警察
ふらつきながら警察へ到着し、汗ばむ額を拭った。
中へ入ると、人の好さそうな警察官が、「今日はどうされました?」と声をかけてくれた。
私は一瞬考えて、ゆっくりと話し出すと尋常ではない話し方に驚いたのか、奥の部屋に通してくれ、座ってくださいと椅子を引かれた。

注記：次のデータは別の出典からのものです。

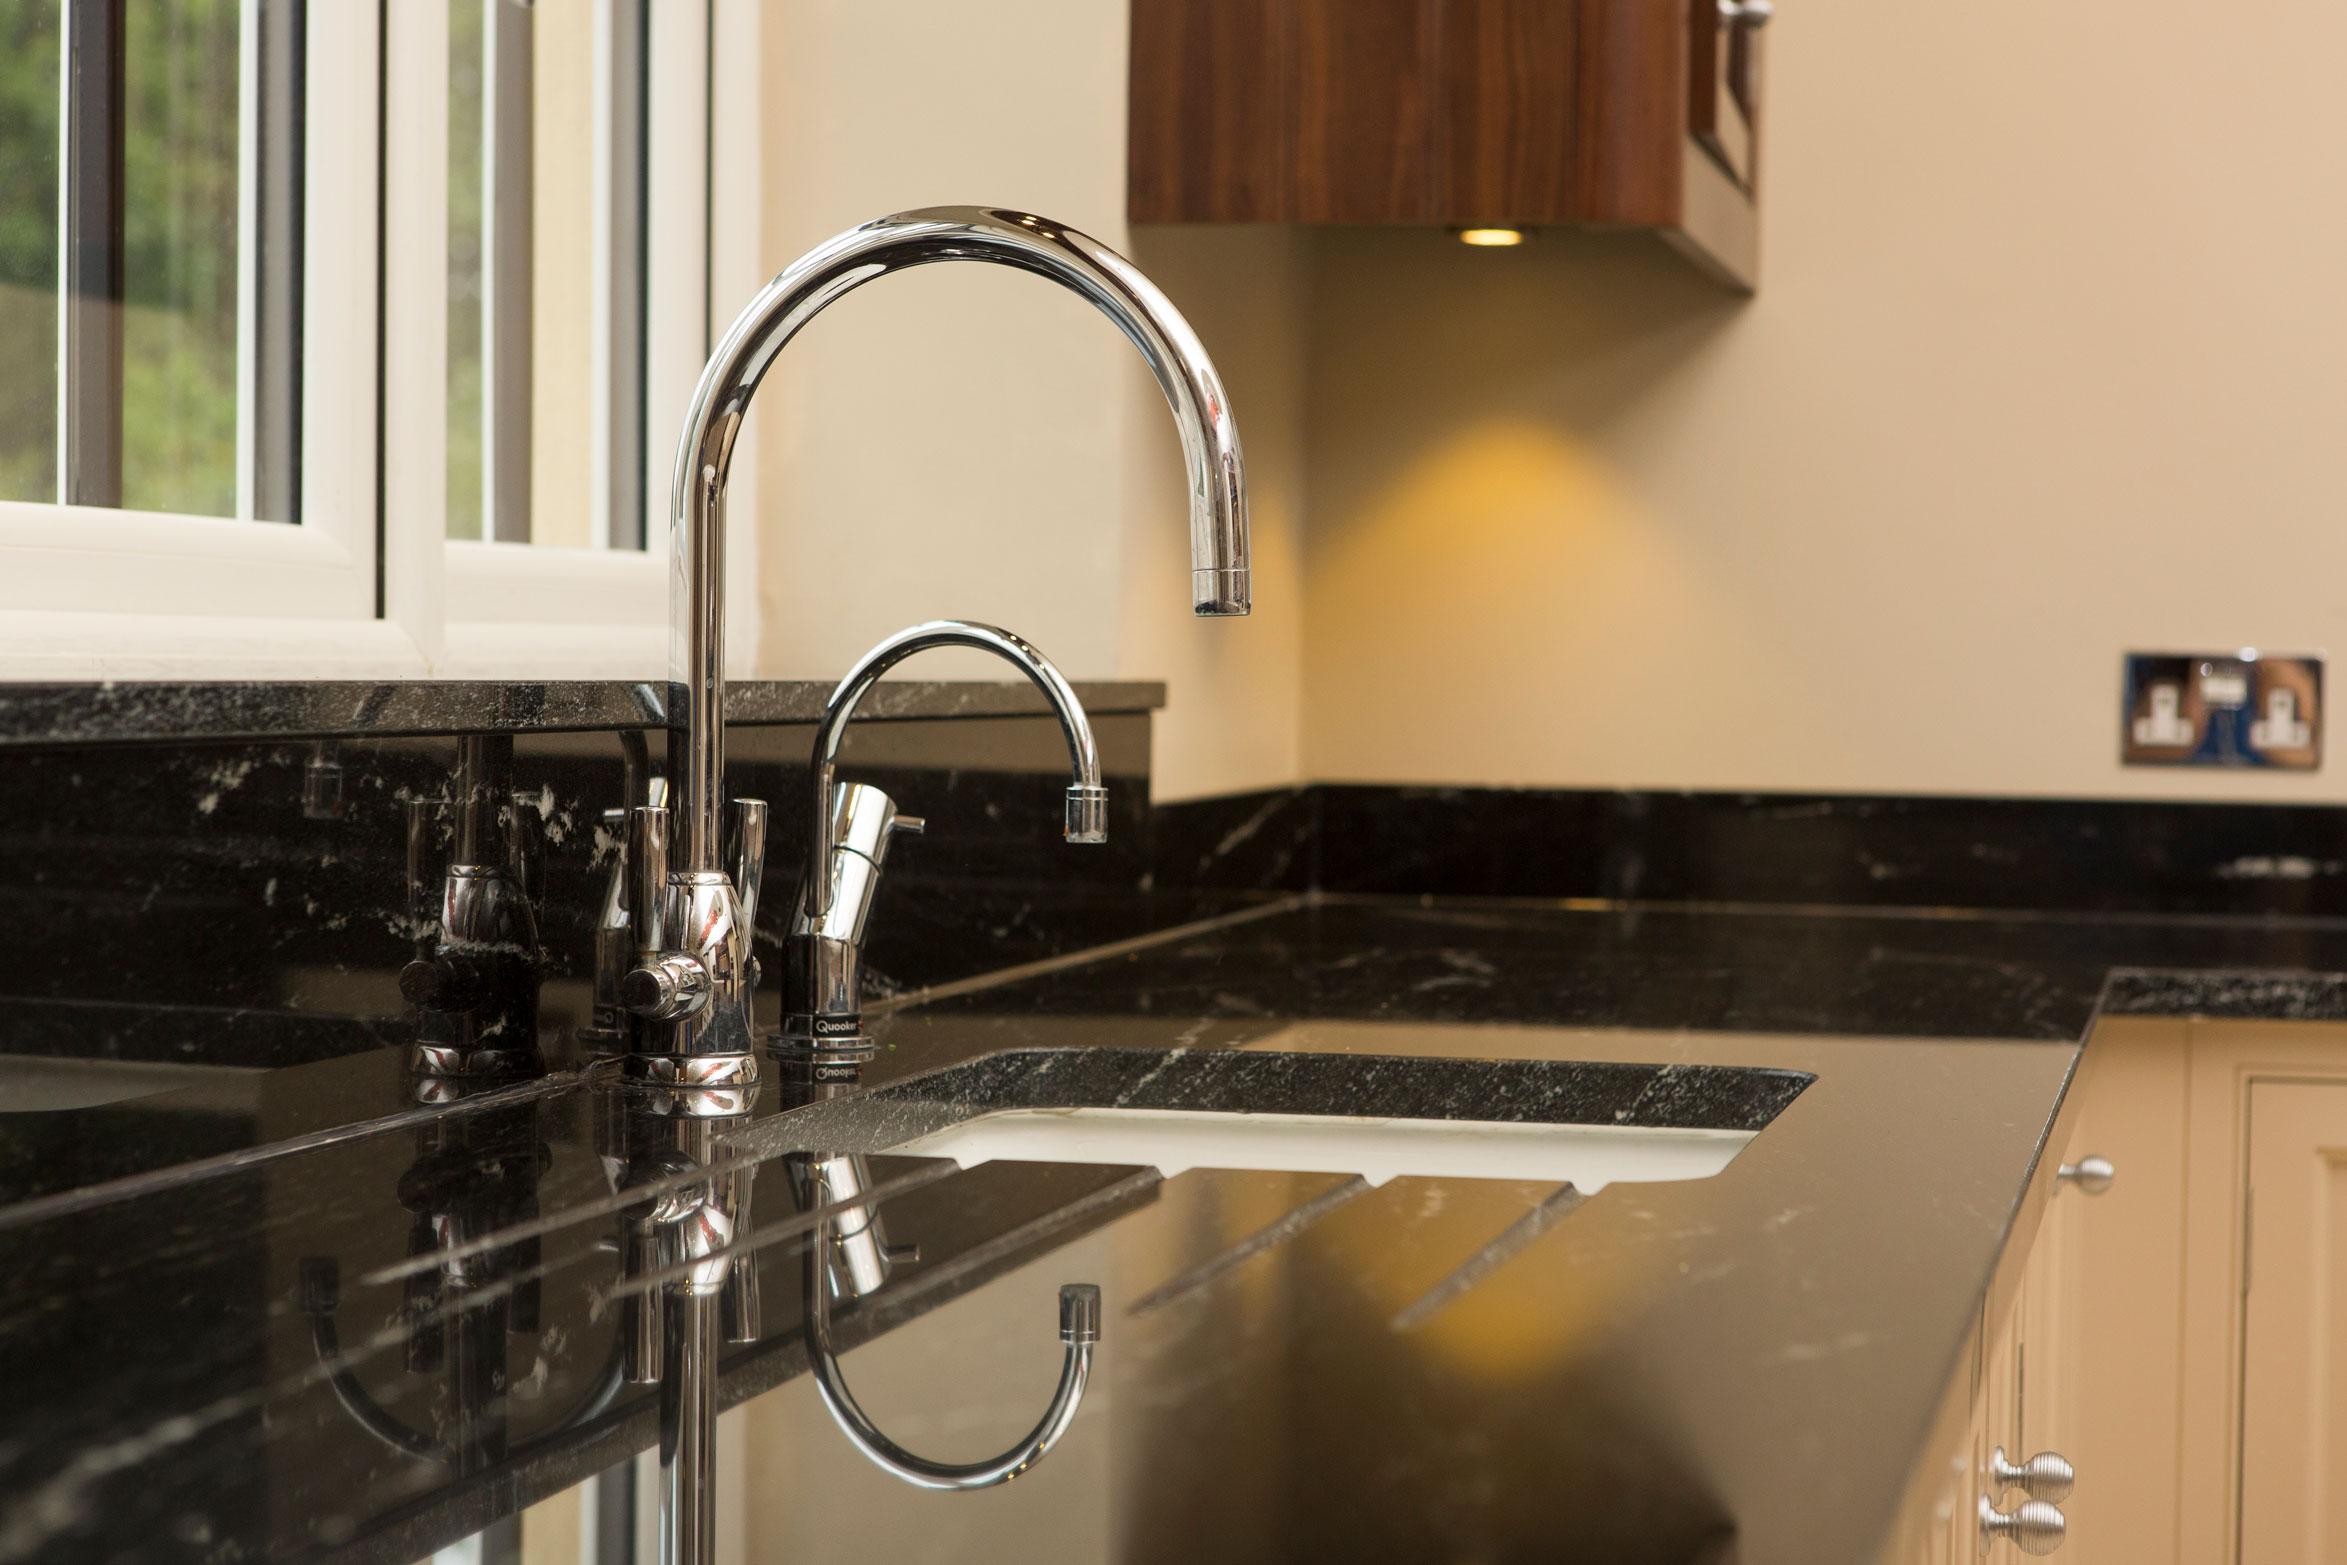 image of kitchen tap

2人組の警察官がきて名乗ってくれたが、すっかり頭に入っていない。
今にもあふれ出そうな涙をこらえながら、言葉を選ぶように話し出した。
「何がありましたか?」
「…、行政の方に言われてきました。」
「行政には何を相談されていましたか?」
「…、夫からの暴力と罵声と脅しと…、私だけならと我慢できたんです。でも、子供たちにもしていて…。もう、一緒にいては行けない、警察へと行ってくださいと、言われたとおりにしてくださいと…。何も考えられなくて、言われるまま、こちらへきました…。」
「ご主人のことを詳しく聞かせてください。」
「はい…、どこで怒るかわからないんです。殴られもしましたが、殴る真似もしてきます。私の顔の目の前で止めます。バカ女、キチガイ女、クソ女、もっと飯を出せ。子供の洋服なんか買わなくていい。相談しても、ゲームに夢中でゲームの邪魔をしたと、モノにあたり、私にあたり…。もう何も言えなくなりました。最初は、話し合いをしようと、会話を試みましたが、全くお酒を飲んでゲームばかりしていて、話になりません。そのうち、諦めました。でも小さい子供が三人いるんです。育てるのにお金がかかります。私だけならと、子供が大きくなるまでは我慢しよう決めていました。夫は毎晩PTAと帰りは深夜の12時を過ぎていました。何か言うと怒鳴るので、何も言いませんでした。でも…。」
涙が溢れた、止められない。声もしゃくり上がってきた。
「娘に、息子に暴力をしていたんです。私のいないところで。娘は、私が心配するからと、話すのを辞めていたと…、ある日娘の腕にあざを見つけたんです…。」
再び涙がこぼれてきた。
「桃ちゃん、これどうしたの?」と聞くと最初は、「何でもない」と。娘が着替えていた時に、肩にあざがありました。最初はいじめかと思ったんです。ちゃんと座ってお話ししようと向き合うと、パパにやられた…と。」
泣きじゃくりながら話していた。